Queen mum.....I hear you.   I know the sound you're talking about...it's kinda like....."HEY.....I'm talking to you"....."turn  around and pay attention to me"!!!!   They have to make that sound to get our attention....they sure can't swing their arms over their heads and wave to us......   I could just imagine some of the hand gestures some of "MY" sheep would be displaying....especially when it's worming or shearing time:/.


----------



## RustyDHart

secuono....I've been breeding and exhibiting poultry since 1967........now I CAN speak chicken........lots more years of interpretation than with my sheep.I raised Muscovy ducks for years and do understand quite a bit of Muscovy.....plus they are originally from Brazil....I lived in Brazil for a couple of years....I think that helped.


----------



## SheepGirl

RustyDHart said:
			
		

> I could just imagine some of the hand gestures some of "MY" sheep would be displaying....especially when it's worming or shearing time:/.




I could just imagine, too!


----------



## Beekissed

RustyDHart said:
			
		

> You can see on "Miracle's" face that she's happy and content.....and that I'm her protector and friend.   They learn.....and know.    And as "Sheep girl" mentioned.....there are so many different sounds...many that she'd mentioned..I'd foregotten about.....I'm picking up new sounds every year......and I've been raising sheep for 16 years.....hoping to learn some more "Sheep" words.


Rusty, that is one beautiful sheep!!!  I always love to see the breed you raise, they are so incredibly beautiful with their long hair and the mottled faces.


----------



## Ms. Research

I think I would love to hear the sound of a Mother Ewe talking to her lamb.  Must be such a soft loving sound.  

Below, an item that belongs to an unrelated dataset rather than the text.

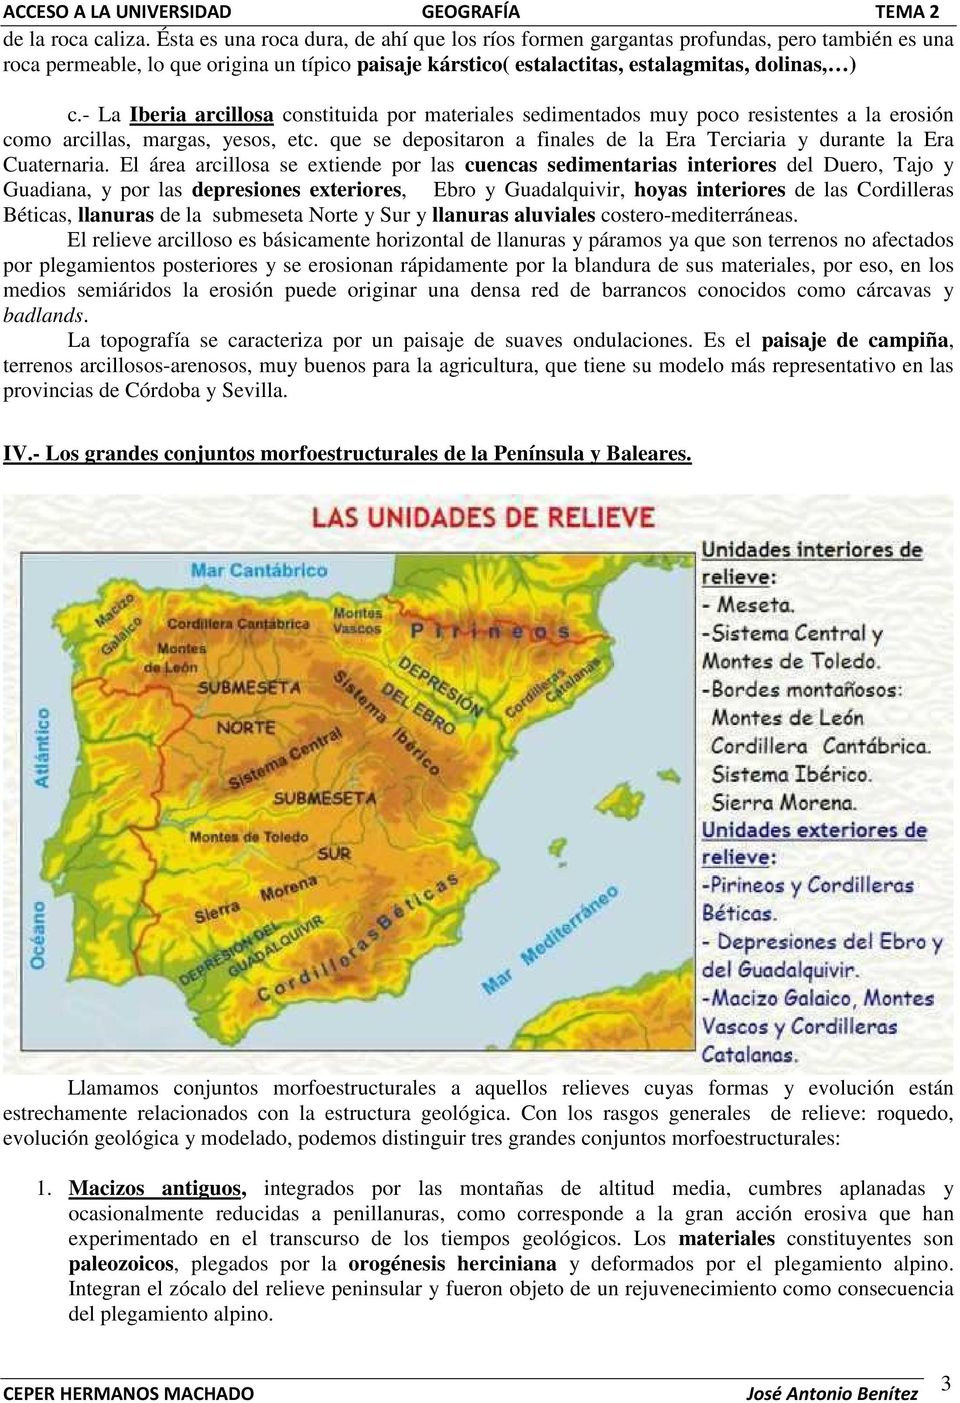 - La Iberia arcillosa constituida por materiales sedimentados muy poco resistentes a la erosión como arcillas, margas, yesos, etc.

To all those who want to learn the sounds of your animals, I truly commend you and hats off.  Now that's someone who really KNOWS their livestock or pets.  Knowing the sounds of your animals has to be the most important part of raising any animal.   Communication is the key.


----------



## RustyDHart

Thanks "Beekissed"..........I'll always have Scottish Blackface.    Ms. Research......I think the most important part of communicating with any animal is "listening"....and love.   Spending time and observing your animal friends is a big part too.       Here is a photo for you Beekissed......this is "Irish Acres Highland Peace" walking over the small land bridge in one of the pastures.   She likes striking poses.......


----------



## Beekissed

She is a beauty and your pastures are a testament to your farming practices....lush, deep and green!


----------



## bonbean01

Ms Research...yes...listening to the Mama "talking" to her newborn lamb is awesome!  Actually, one ewe started talking to her lamb a little before it was born.  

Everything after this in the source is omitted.